I am dreading the days of having to walk my kids through this torture. Even as an adult with a fully formed brain and maturity to depersonalize, it can sting to see my friends’ stories and posts from an event that didn’t include me. I can also become inundated with depressive feelings watching people from afar live what seems like jam-packed lives of travel and events. (Those with a little bit of money who are unencumbered by young children can occasionally make me want to burn my whole life down.)

It forced me to question myself: if I am setting the example for how my children should show up in the world, should I be posting every social moment of my life? Do I want to contribute to a system and social norm that is certain to gut my children at varying points of their adolescence?

We have become conditioned to the idea that if we are out enjoying our life with other people, we must record it and share it with others. But why? I honestly sat and reflected on this question. Why do I feel compelled to get a picture of every social moment and show it off?

It doesn’t enhance my experiences.

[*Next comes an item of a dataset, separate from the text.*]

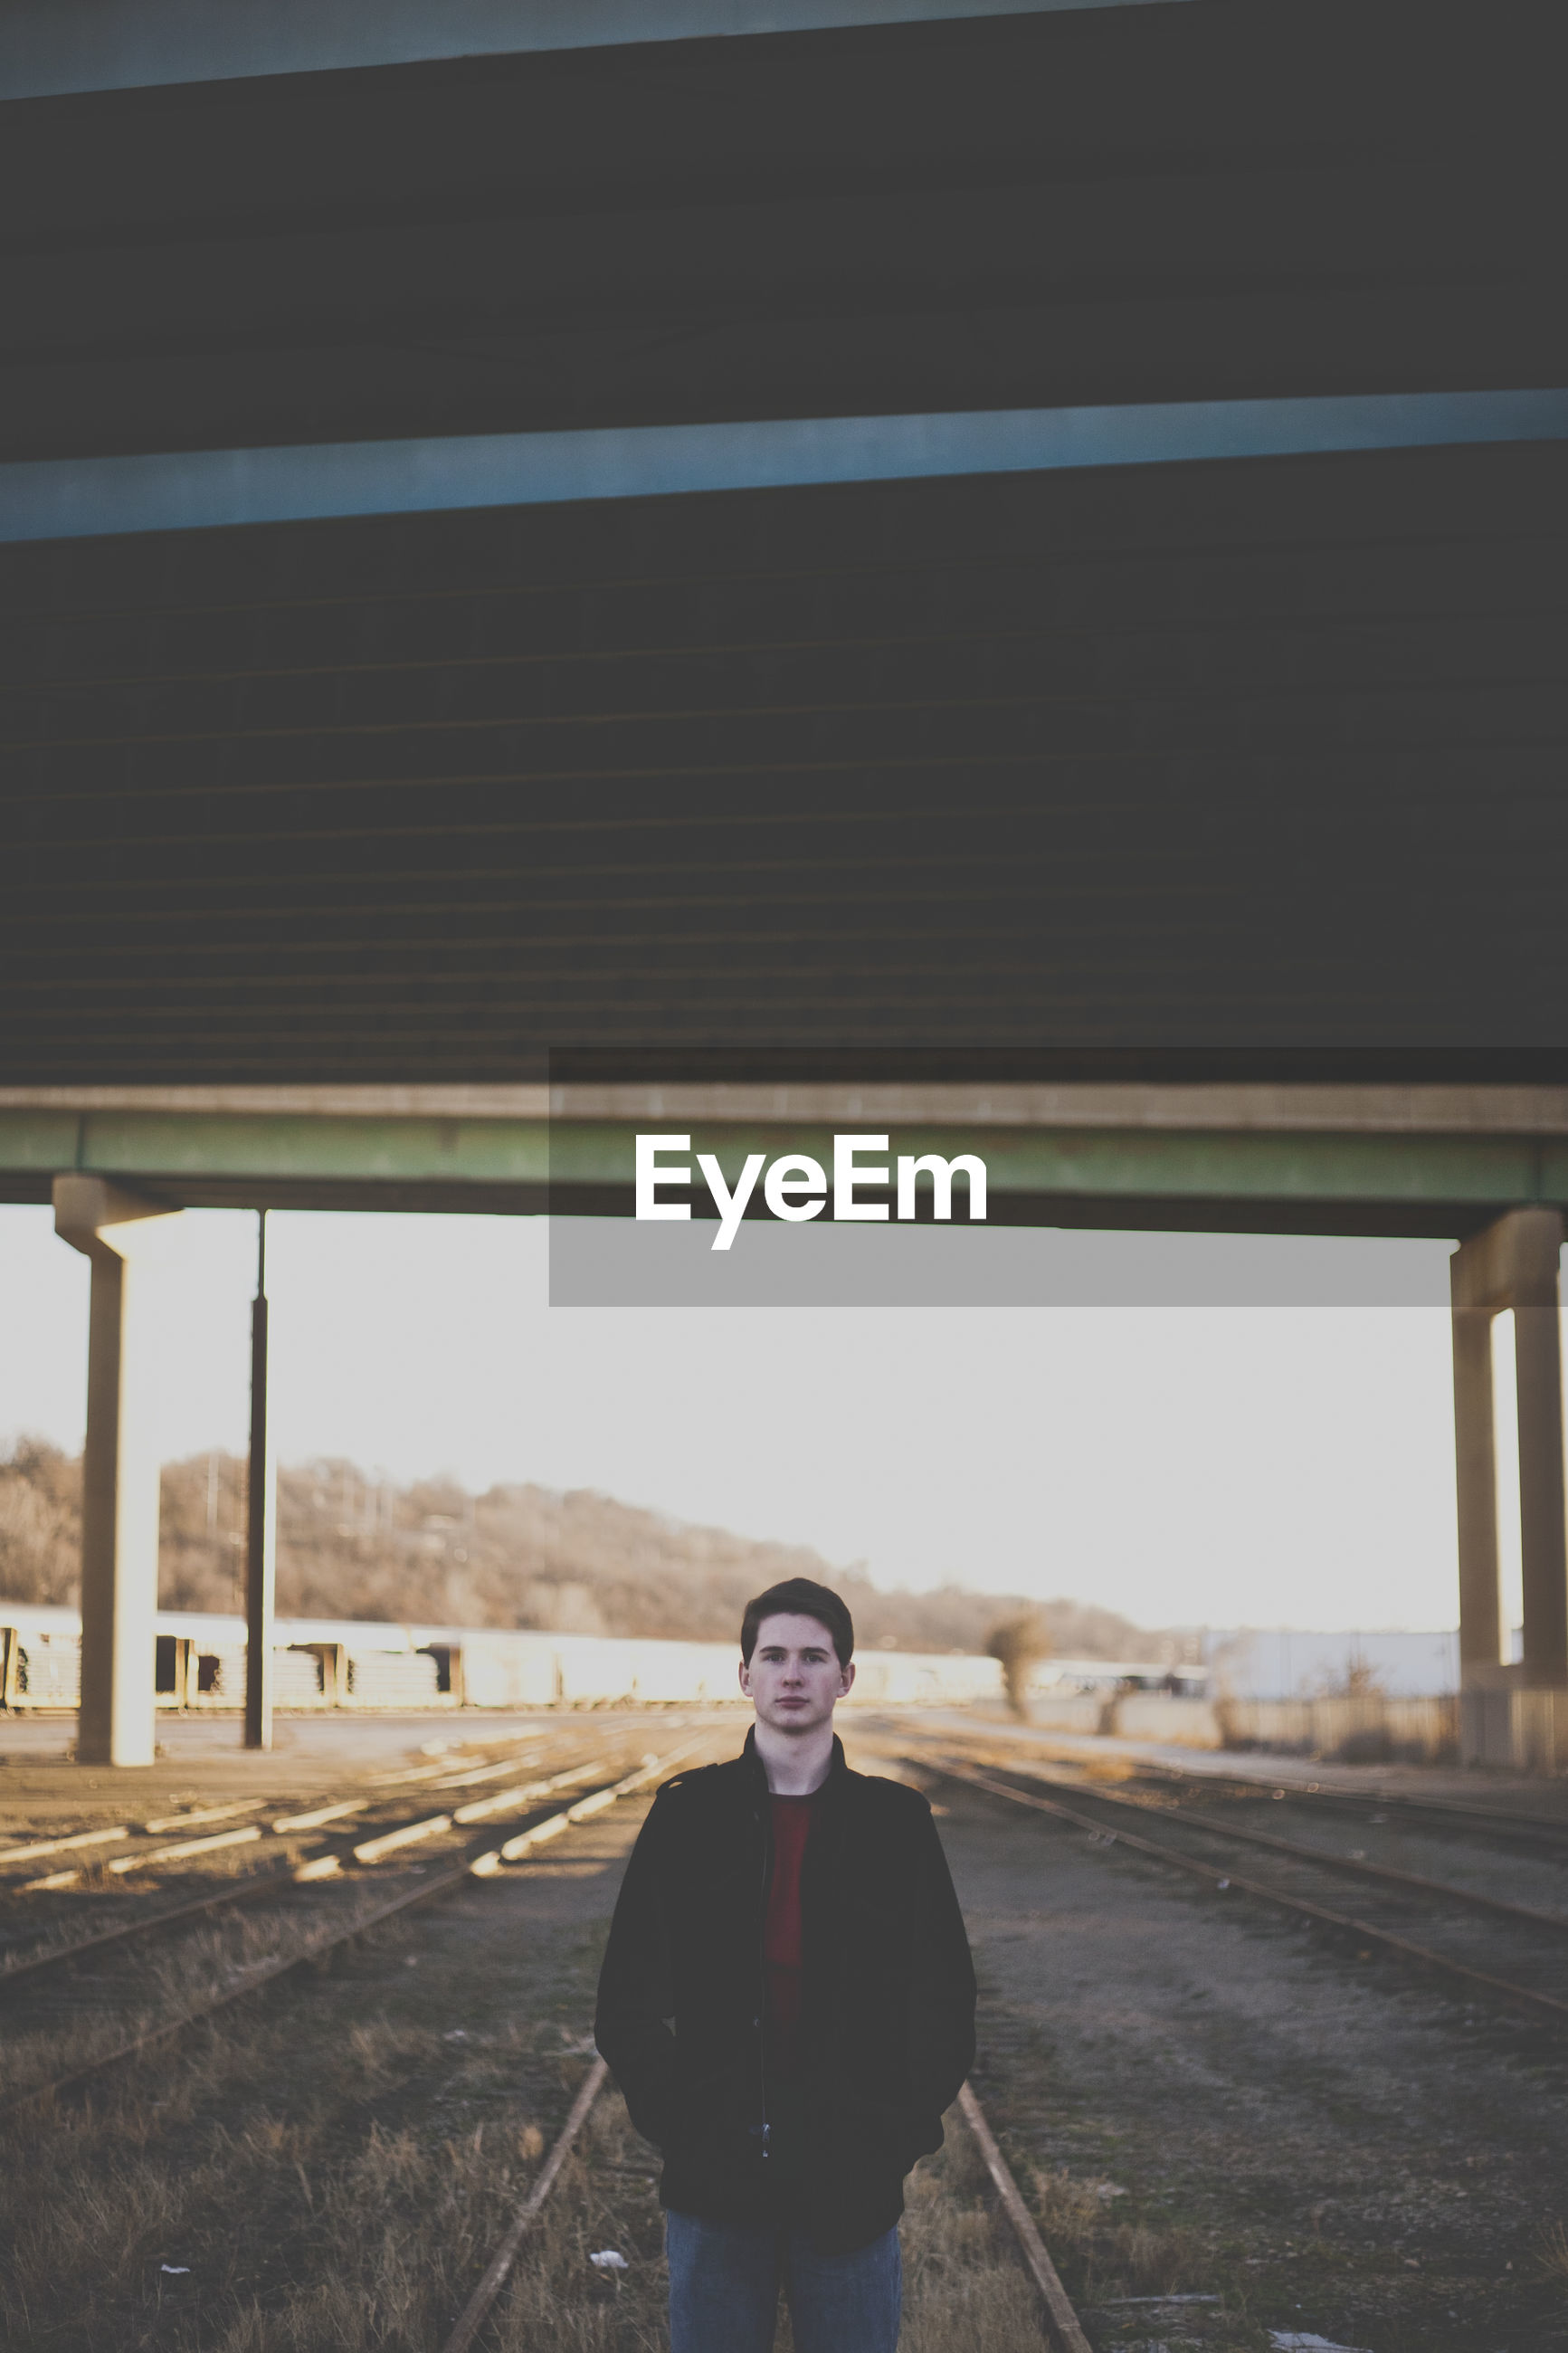 Portrait of handsome man standing at abandoned tracks

There is no tangible benefit to me. The only impact this has on the world is the potential to make other people feel bad, left out, or further add to the inauthentic “highlight reel” lifestyle that leaves everyone, adults included, to feel like shit about their own lives. And besides, how many photos does one need of the same-ish group of people huddled up in a line?

It became clear that my motivation to post every dinner, party, event, or gathering was a silly, unconscious, almost robotic habit ingrained upon us over the last decade of social media prevalence. If I examine my motives on a deeper level, posting my social life has been a bid for validation and a childish attempt to prove my worthiness to the masses. This completely contradicts the values I’m attempting to instill in my kids.

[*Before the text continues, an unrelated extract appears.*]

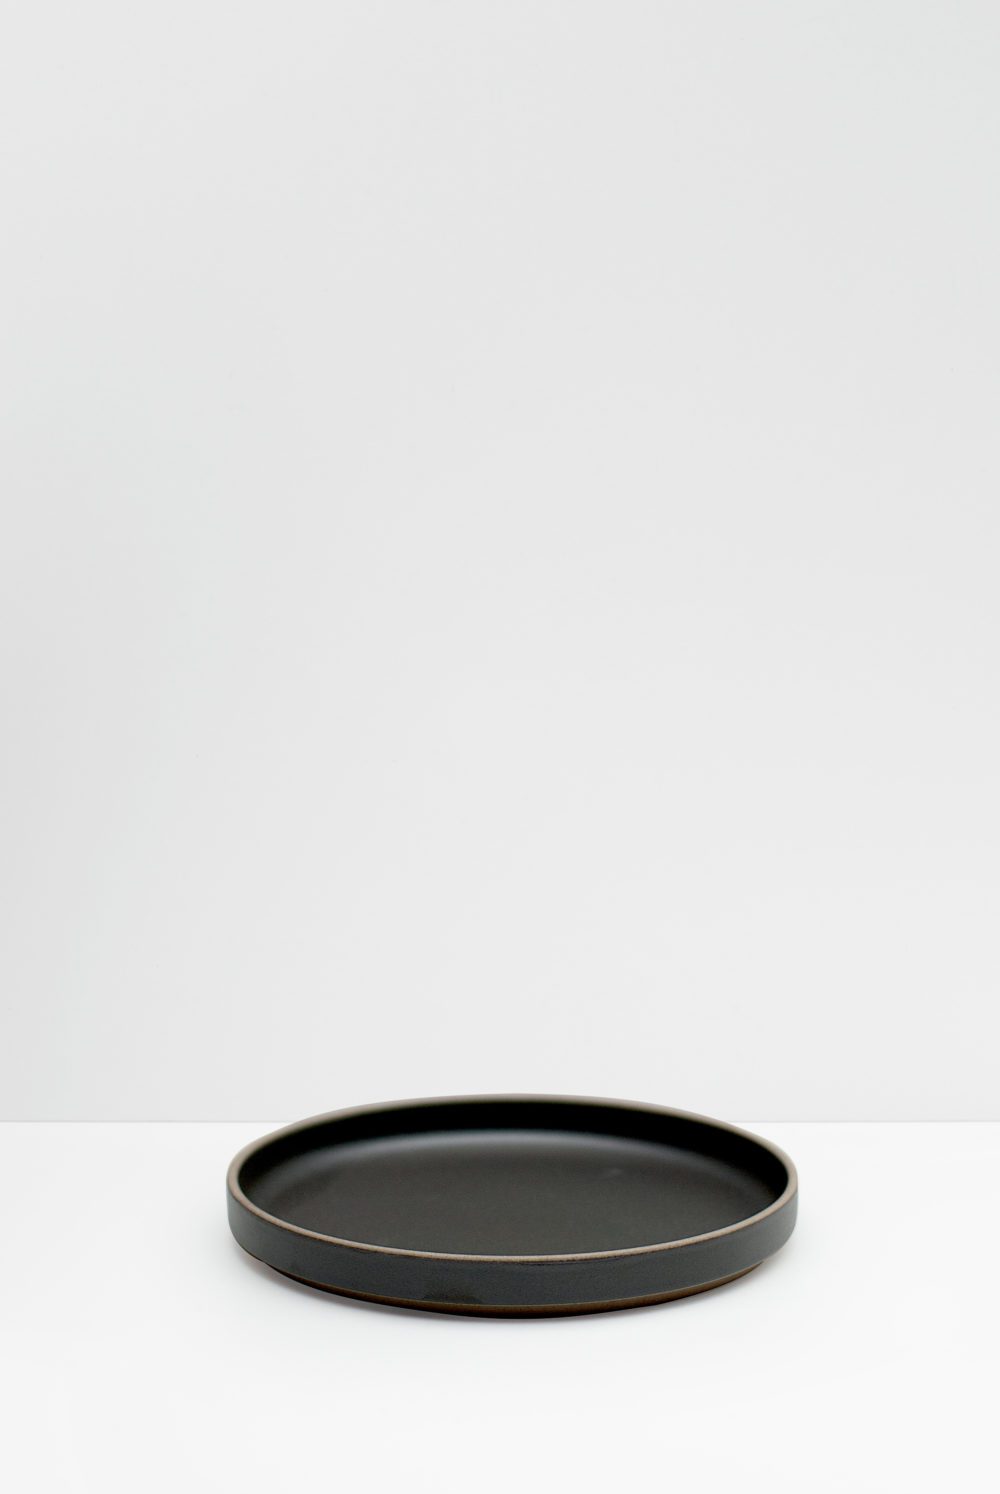 Hasami Porcelain appetizer plate

If my kids see me rally my friends for a photo every time I’m with them and then push it out to social media to scream – hey look at us, we’re out here doing things and having an amazing, fun life! – they too will believe this is the standard protocol to living a full life. By perpetuating this, I will be helping to reinforce a machine destined to hurt them. And I will be teaching them that they must convince others of their worthiness in order to really matter.

I try (and fail) to set a good example of a healthy balance between the digital and real world. I did not want my kids growing up with the memory of their mom’s gaze always cast upon her phone. Now that they are getting older and a few years away from digital access themselves, it’s important that I provide an example of why and when I engage in social media.

Having resisted the urge to post every grip and grin shot over the last year or more, I’m here to report that my life has not changed. When there are milestones, holidays, important moments, and gatherings of faraway friends and family, I might share them with the world. I still take lots of photos because I do value capturing memories. Just as much as I value helping to shape a world for my kids that values intentionality and kindness over validation-seeking.

The adage goes – before you speak, consider these three things: Is it true? Is it necessary? Is it kind? Perhaps the only question we need to ask ourselves before we post is: Why?